Shortly after Donald Trump won the presidential election, a number of colleges and universities declared themselves "sanctuary campuses" for students, faculty, and staff who may face the threat of deportation under the new administration. The University of Pennsylvania, Trump's alma mater, said it would not allow US Immigration and Customs Enforcement (ICE) agents onto campus without a warrant, nor would it share private student information unless required. And in late November, the University of California announced a similar set of policies aimed at protecting undocumented students across the entire UC system.
Some universities, however have held back on making those sorts of announcements. Harvard University President Drew Faust, for example, defended the university's decision to not declare itself a sanctuary campus by saying it might endanger students rather than protect them, and the university did not want to offer "false and misleading assurance" to students. Other schools have argued that sanctuary policies may put them at risk of losing federal funding. (Some state officials have already threatened to cut funding for universities declaring sanctuary status.)
So how much do sanctuary campus policies actually help students? Here are a few things to keep in mind.
By declaring themselves sanctuaries, schools aren't necessarily invoking any kind of law or protection. As the American Council on Education notes, sanctuary doesn't involve a legal status that is protected or recognized under federal law.
Schools have defined their sanctuary policies in different ways, too: New York University's sanctuary campus declaration, for instance, included nine bullet points outlining already existing policies around financial aid and nondiscrimination, as well as an announcement that it would launch a campus "climate survey" to take stock of people's academic and working experiences on campus. Swarthmore College, a liberal arts college in Pennsylvania, noted it would not participate or enroll in "E-Verify," a federal program used for screening an immigrant's immigration status, and that it would not make campus housing decisions based on immigration status. The announcements have shared common themes so far, however, such as reaffirming the school's commitment to undocumented students and other vulnerable populations, or refusing to release private information—in many cases restating policies that already were in place.
Most universities that have declared themselves sanctuaries say they will not turn over student information to ICE—and that's likely because doing so would conflict with student privacy laws. The Family Educational Rights and Privacy Act (FERPA), for instance, prohibits schools from releasing a student's personal information without the student's (or a parent's) consent. The Health Insurance Portability and Accountability Act (HIPPA) similarly prevents student medical records from being released without valid consent.

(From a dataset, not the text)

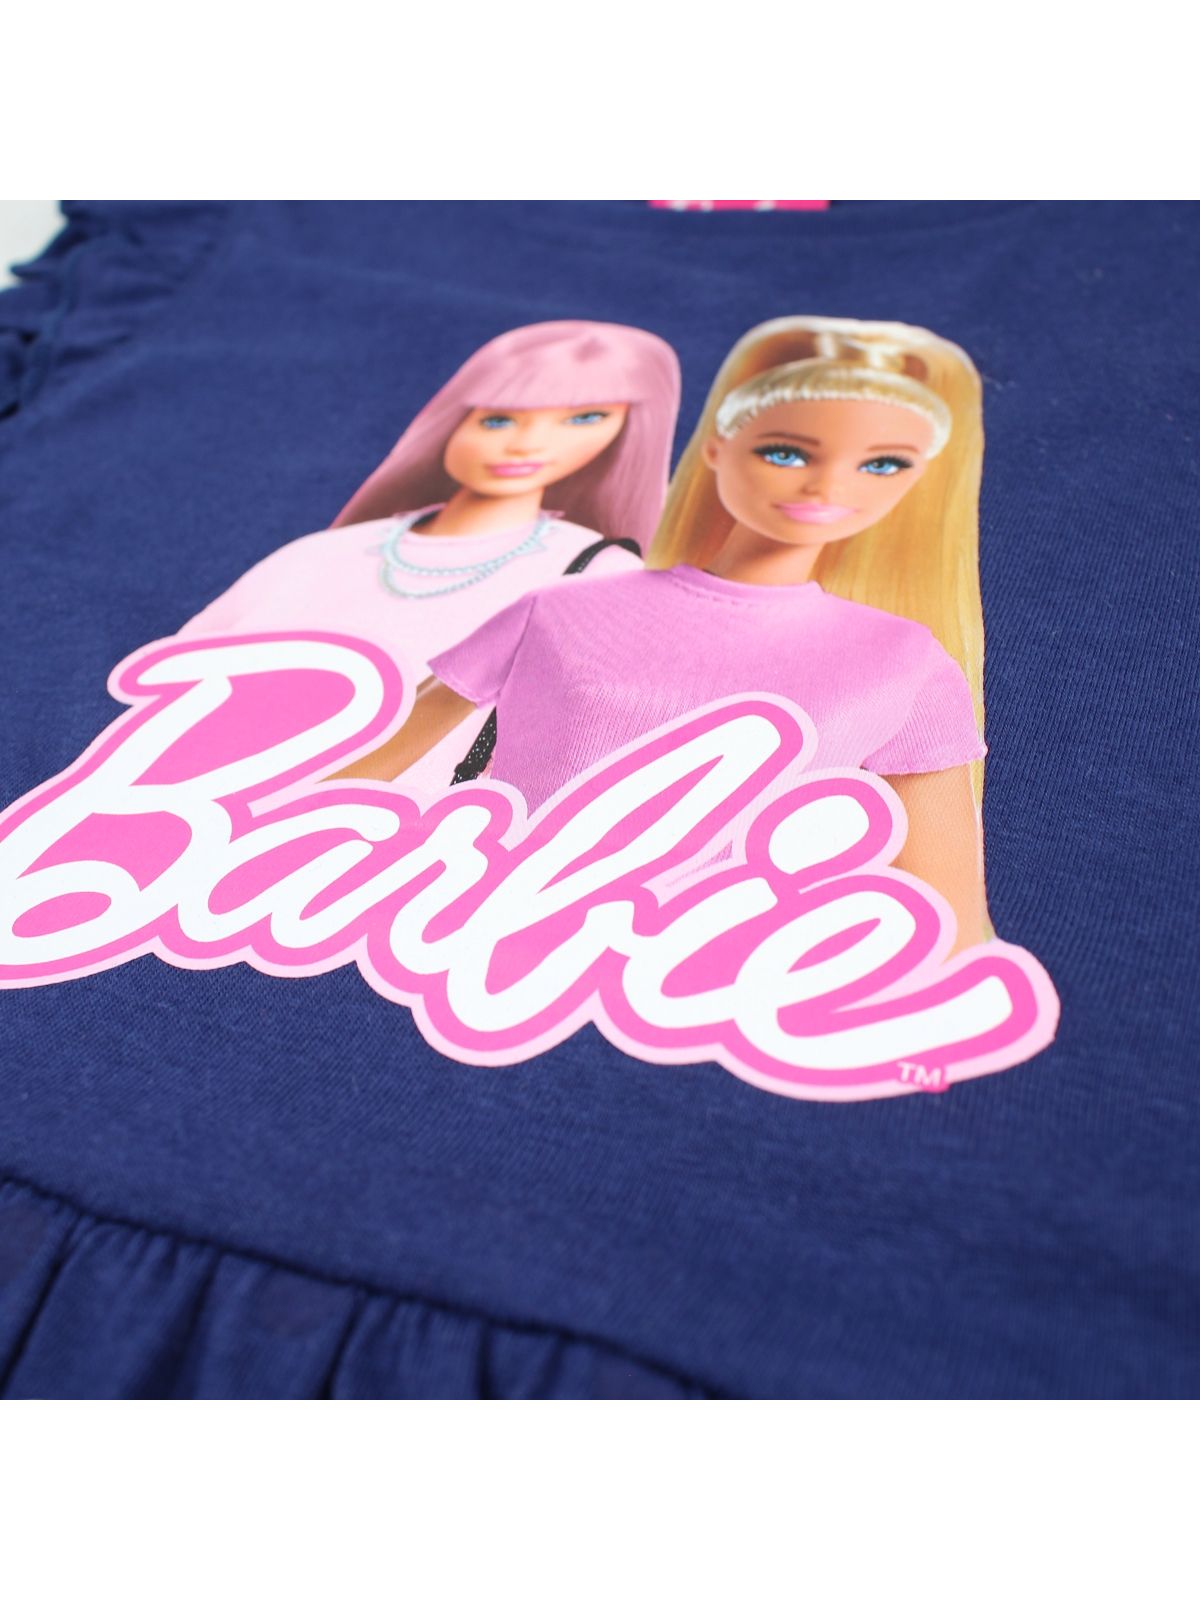 Barbie dress.

However, there are limits: Under FERPA, schools must release records without consent in some cases, such as under a subpoena, and information like addresses and phone numbers can be published in school directories without students specifically opting out.
ICE has a long-standing policy to not attempt raids or arrests at certain "sensitive" locations, such as schools, churches, or public gatherings, including at marches or rallies. Though there has been some concern that the Trump administration could reverse or even revoke those policies, immigration advocates say that the policies have been in place for so long that changing them would be extremely difficult.
If ICE officers were to come onto campus, however, things get unclear. Some universities, such as Wesleyan, have said they will not voluntarily assist ICE officers with deportation measures. The University of California's statement says police officers at its 10 campuses will not help conduct ICE investigations based upon a student's legal status or comply with requests to detain students, unless required by law or if the student has been convicted of a felony. But campus authority only goes so far: Brown University, for instance, said in a statement to the Washington Post that "based on consultation with legal counsel, we understand that private universities and colleges do not have legal protection from entry by members of law enforcement or Immigration and Customs Enforcement." The University of Wisconsin-Madison told Inside Higher Ed that the city's police department had full authority to enforce laws on campus without permission from the university.
The National Immigration Law Center, along with several immigration advocacy organizations, recently issued a model resolution for how K-12 schools and universities can protect undocumented students, faculty, and staff. Beyond making sanctuary declarations, schools should consider laying out specific, school-wide policies—and making sure that all campus staff and police are trained and aware of them, said the NILC's Jessica Hanson. The NILC recommends, for instance, that all campus personnel receive training on how to handle information requests from ICE officers and to prohibit them from using campus facilities for immigration enforcement.
Hansen also stressed that schools can help by offering more resources to support undocumented students, such as helping fund legal resources or mental-health services—something students have called for in numerous petitions. Advocates also say the public message still matters: By publicly declaring themselves sanctuary campuses, universities can reaffirm their commitment to students. "It says to students that we support you, we affirm your identity," said Meng So, the director of UC-Berkeley's Undocumented Student Program. "I think schools are going to be safe havens that communities seek to find themselves in. Students need to hear and understand that their top leaders care about them."